Çok net bir karakteri vardı genç kızın. Bir şey onun için ya vardı ya da yoktu. Ortası olamazdı. Kararsızlık en sevmediği şeylerden biriydi. Siyahtı veya beyazdı. Grilik ona göre değildi. Hoş siyahlık veya beyazlık da ona göre sayılmazdı. O rengarenkti. Kırmızıydı. Maviydi. Turuncuydu. Mordu. Sarıydı. Yeşildi. Mesela bugün de rengarenkti; yeşil ağırlıklı pazen şalvarının üzerine giyindiği bej rengi şile bezi fil nakışlı bluzuyla ve ayağındaki kırmızı mevsimlik botlarıyla gökkuşağını aratmıyordu genç kız. O hep böyleydi ya. Hep bir aykırılık sezinlenirdi göz bebeklerinde. Hep bir farklılık ve hep bir umursamazlık. Birini seviyorsa sevgisini dışa vurmaktan kesinlikle kaçınmaz, birinden nefret ediyorsa da nefretini kusmaktan geri durmazdı. Yanar dönerli olmaya gerek yoktu. İçi ne ise dışı da öyle olmalıydı insanın. Şarna da tam olarak böyleydi. Dün kendi ismiyle dalga geçen adama ne diye nazik davranacaktı ki ? Hem adam bir de polisti. İki kat kötü davranmaması için hiçbir sebep göremiyordu.
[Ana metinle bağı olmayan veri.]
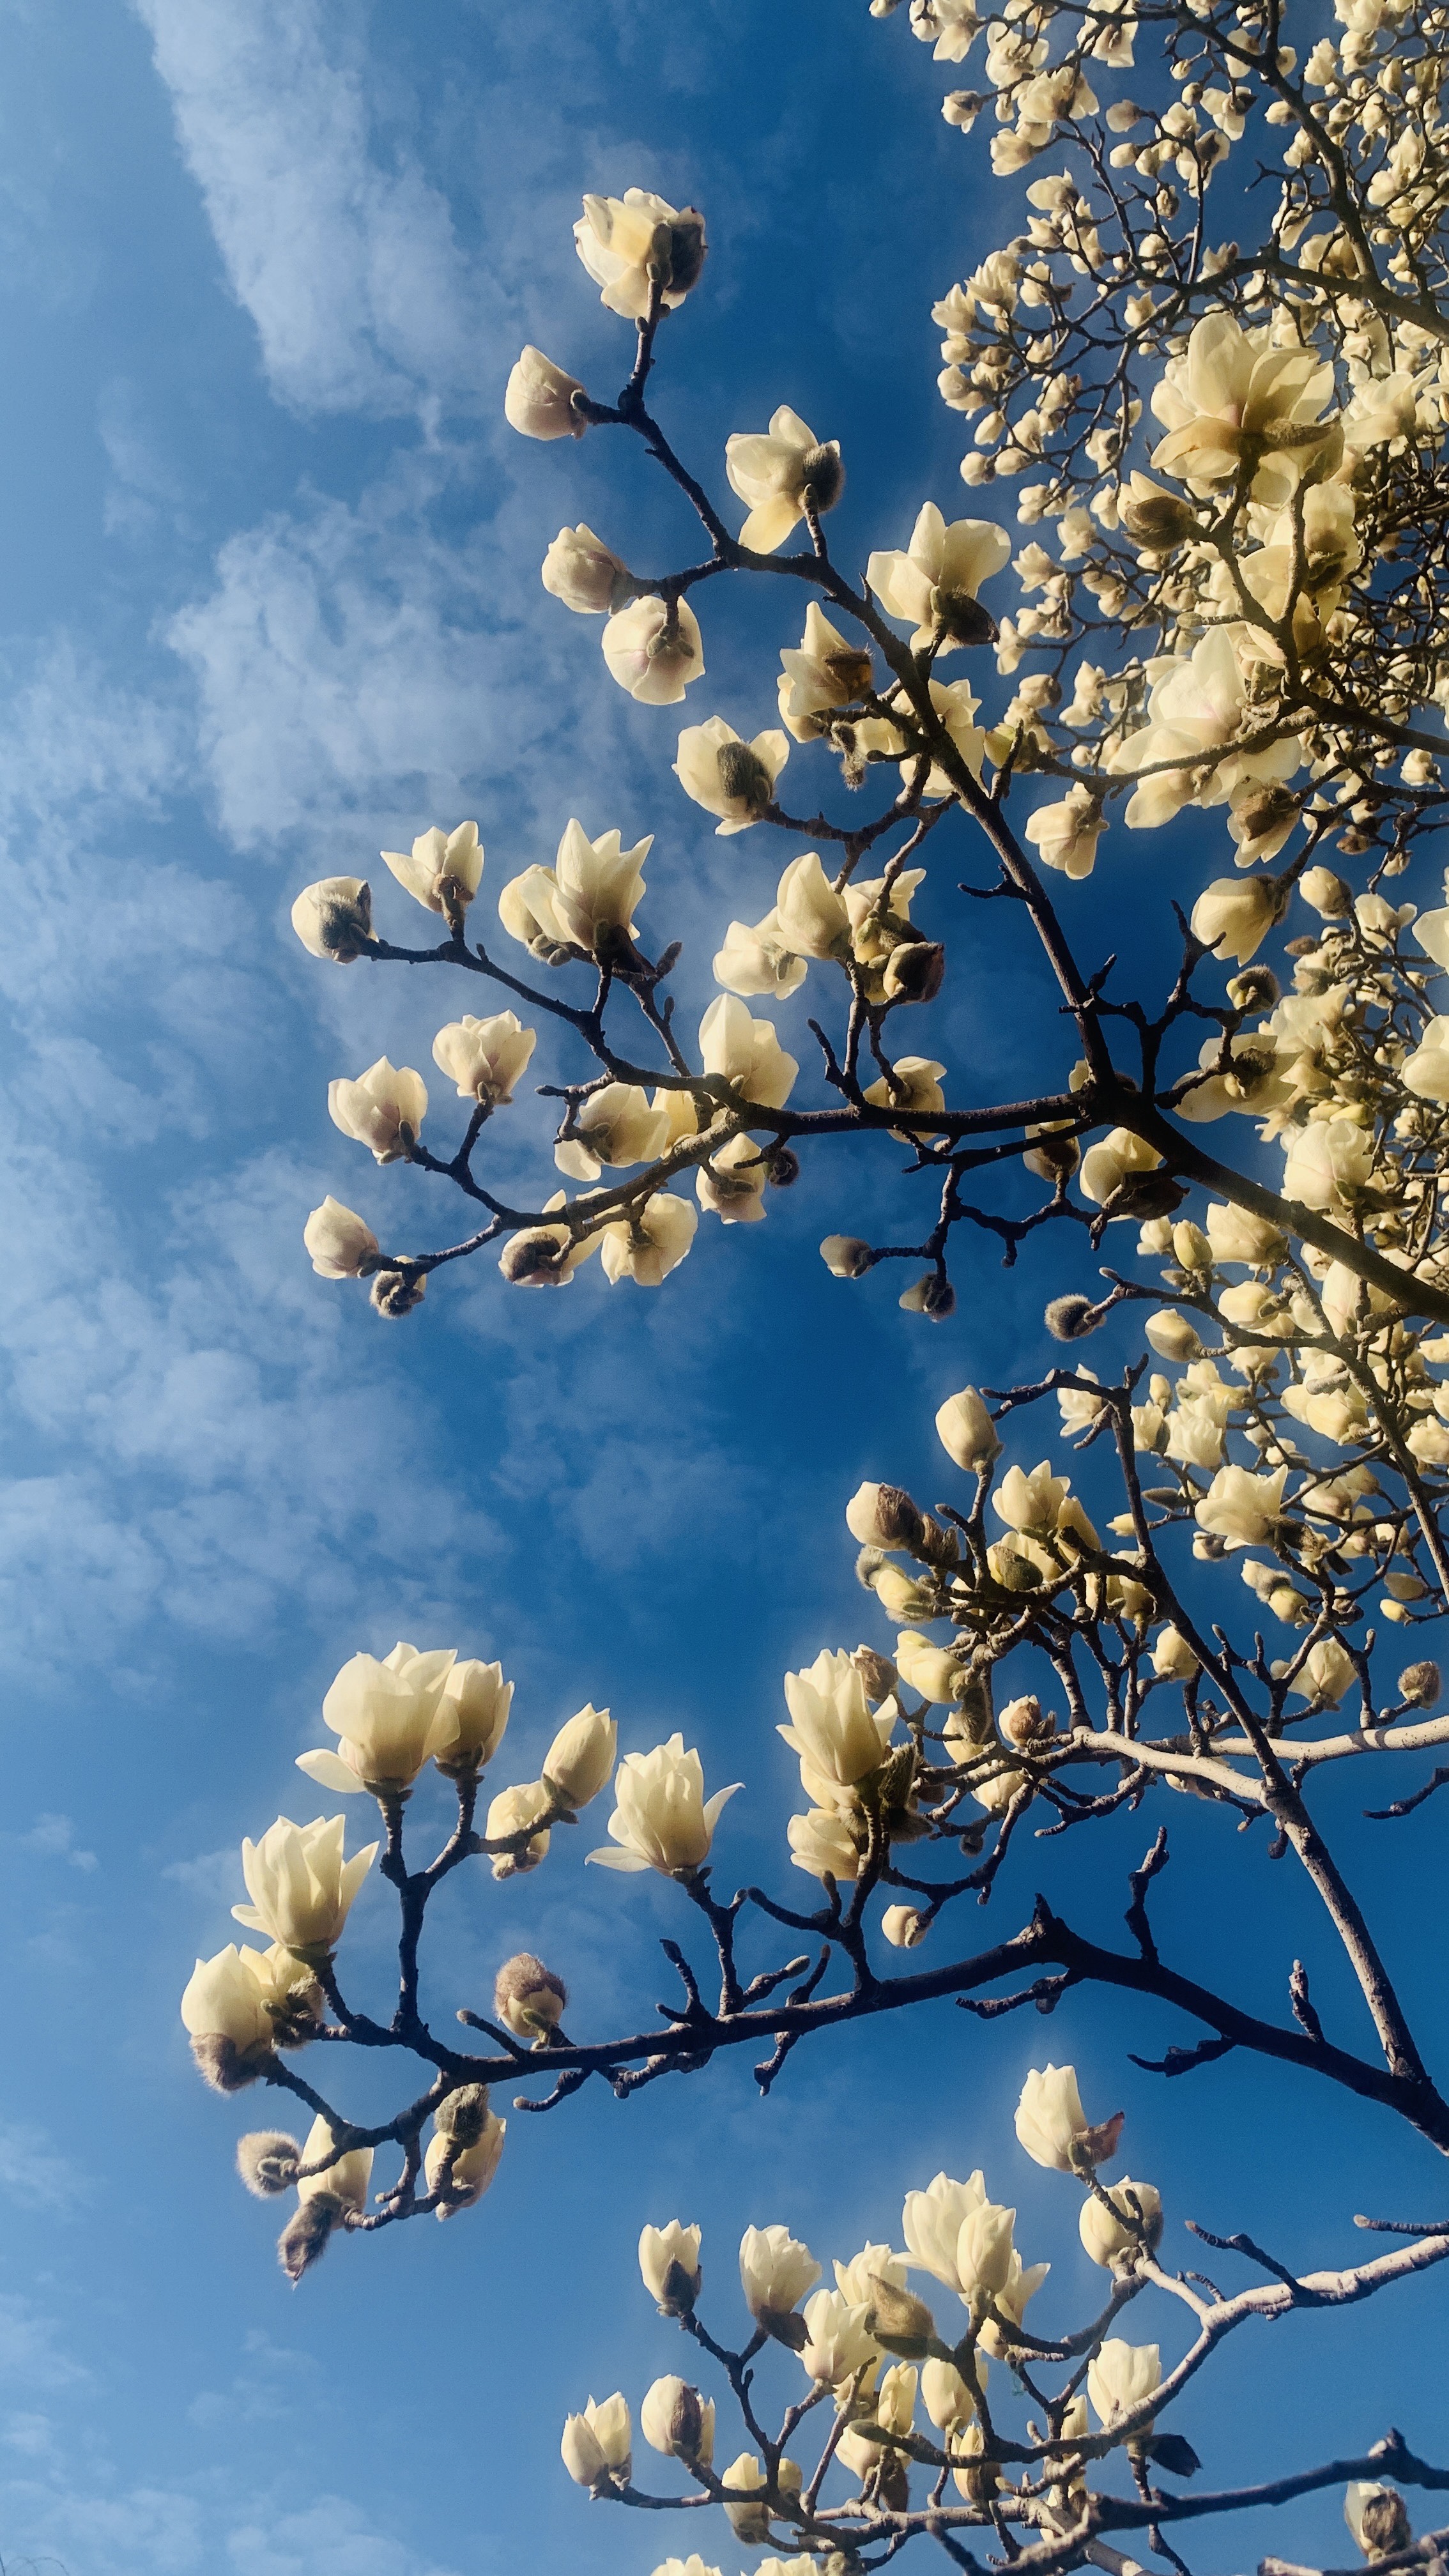 大明湖的白色玉兰花,在蓝天白云下,朵朵怒放的花,香味浓郁传四方!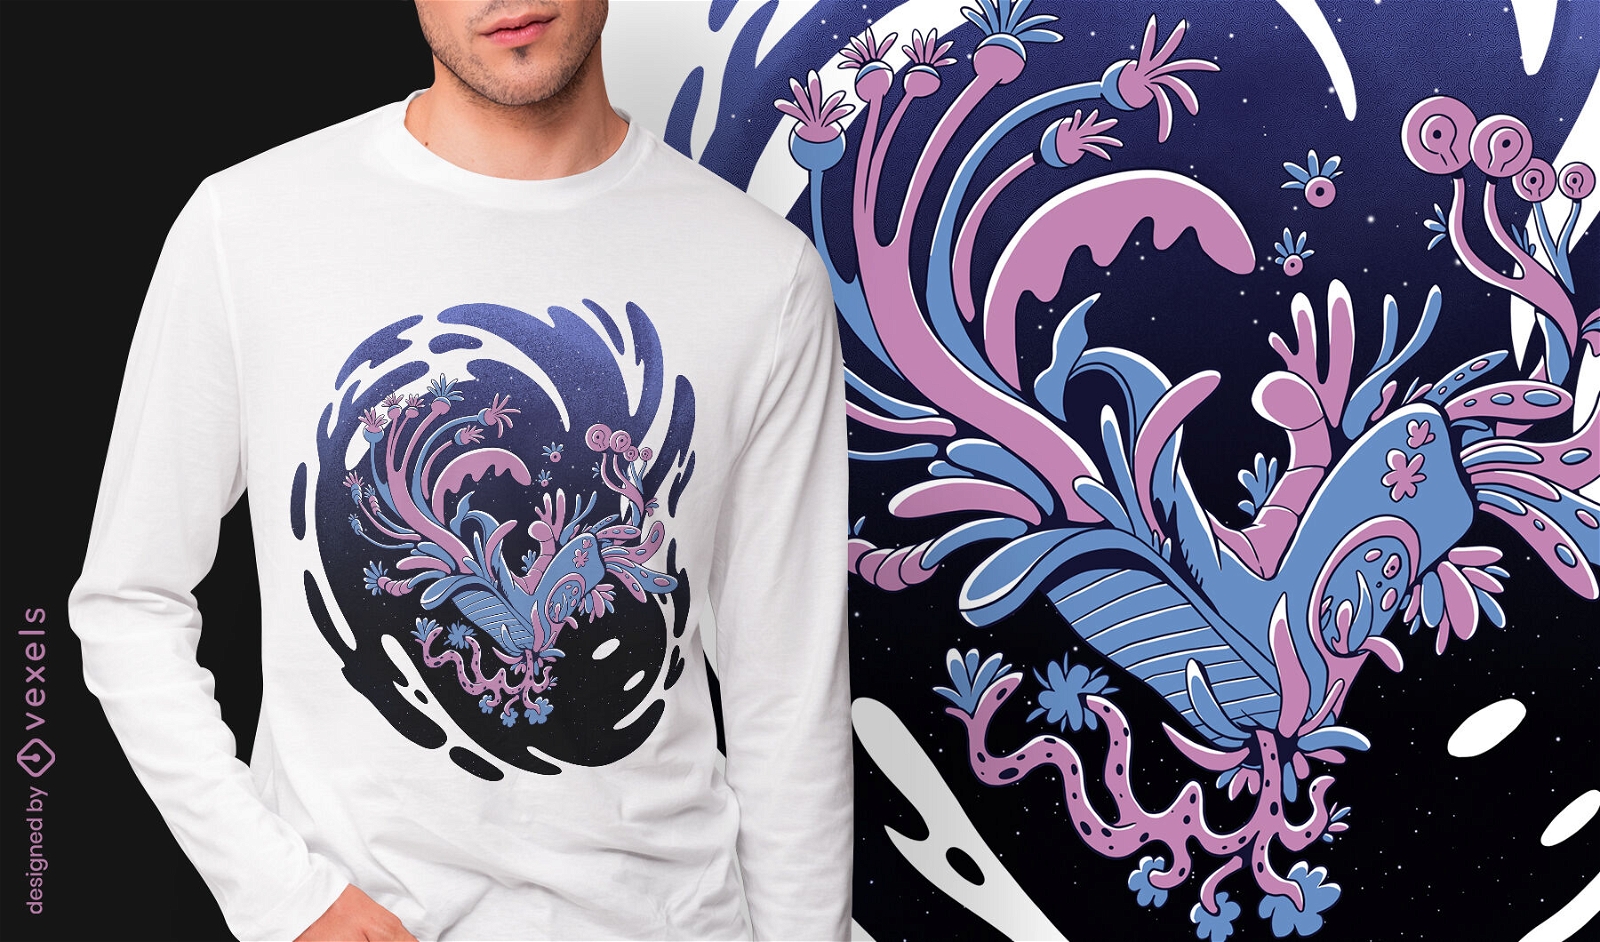 Bota design de camiseta psd monstro espacial floral

Hiçbir korku belirtisi göstermeden kendinden emin adımlarla birkaç masa ötede çayını yudumlayan kumral adama doğru yanaştı. Böyle tiplerin pek işleri olmayacağını pekala biliyordu Şarna. Kendisi için geldiğini anlayacak kadar da zekiydi.
"Çay içmeye geldim. Müşteri mi seçiyorsunuz ?" diye yanıtladı Asaf gayet rahat bir tavırla. Ve üzerinde dumanı tüten çayından koca bir yudum aldı.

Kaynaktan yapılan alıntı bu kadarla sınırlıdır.